Faulty AC could cost spy headquarters €9.7 mln

Authorities have discovered serious defects in the air conditioning system of the new headquarters being built to house Germany’s BND foreign intelligence service, potentially costing nearly €10 million to fix.

Faulty AC could cost spy headquarters €9.7 mln
Photo: DPA

There have been multiple problems since ground was broken in 2008 on the new Berlin headquarters of the Bundesnachrichtendienst (BND), which was supposed to cost €720 million. The organization’s roughly 4,000 workers were slated to move from Bavaria to Berlin next year, but its opening has been delayed until 2014.

Among the project’s biggest scandals happened this summer when it was revealed that building plans had mysteriously disappeared. It is also likely to run over cost by more than €80 million.

In the end, total costs for the new building, including relocating employees and technology will near €2 billion.

The troubles with the air conditioning unit are particularly galling because the contractor apparently failed to follow basic regulations, according to the Berliner Morgenpost newspaper. The air conditioner’s ventilation systems are inadequate and it was inexplicably never tested before its installation, the newspaper reported.

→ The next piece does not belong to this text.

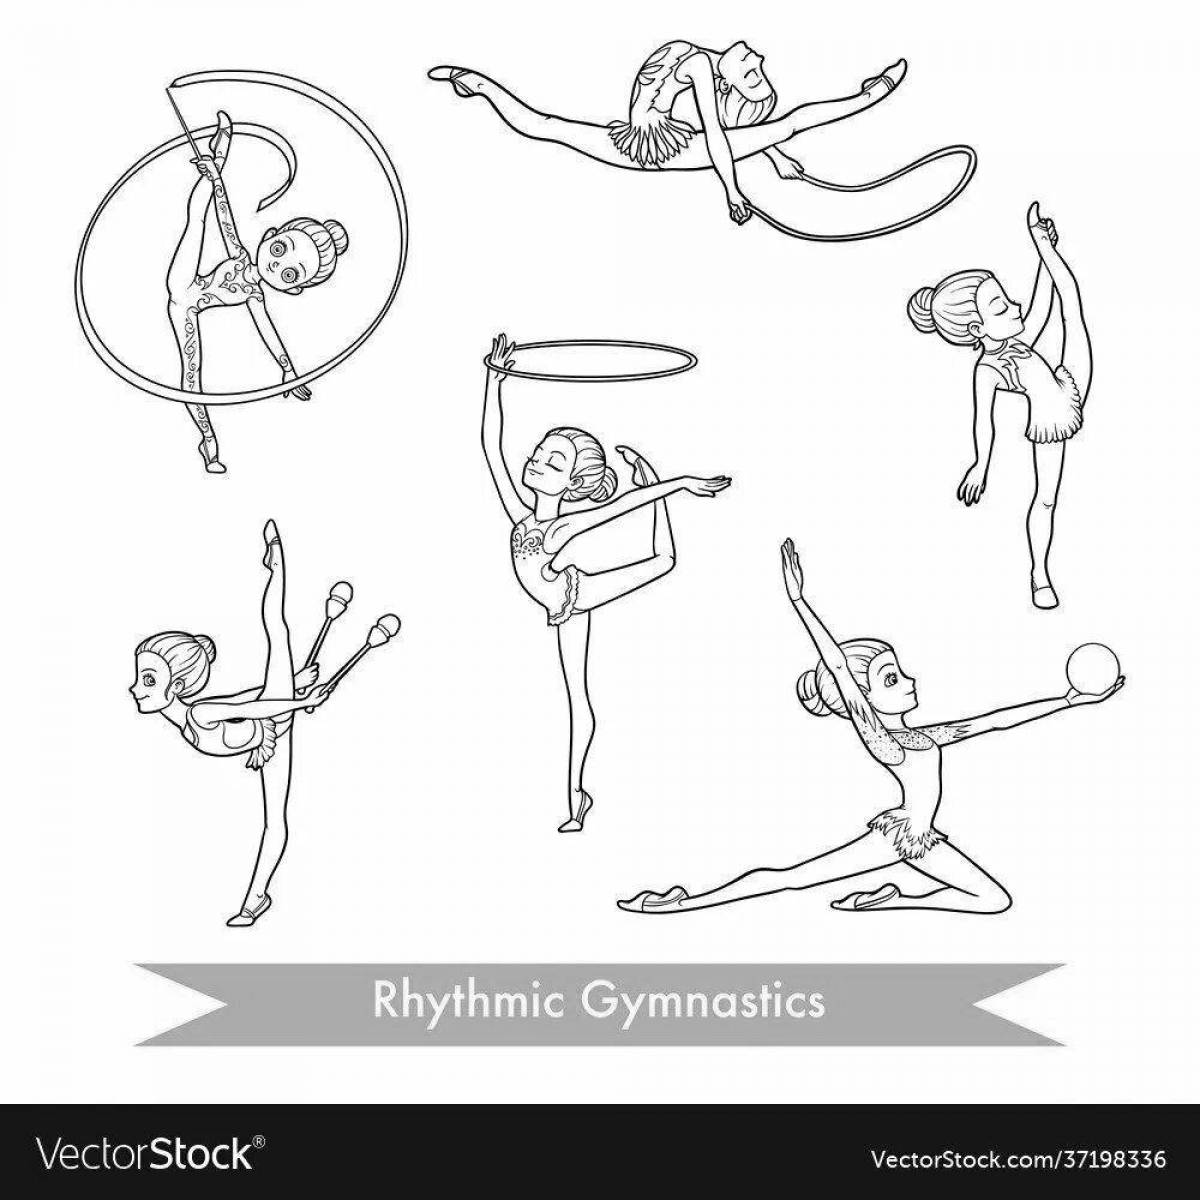 Dynamic gymnast with hoop

Andreas Kübler, spokesman for the Federal Institute for Research on Building, Urban Affairs and Spatial Development (BBSR), said the defects had been “promptly detected,” but the government couldn’t get the responsible firm to adequately fix the problems.

The company’s contract was therefore terminated by the government, Kübler told the Morgenpost. It seems likely that taxpayers will have to pick up the €9.7 million tab for the reinstallation.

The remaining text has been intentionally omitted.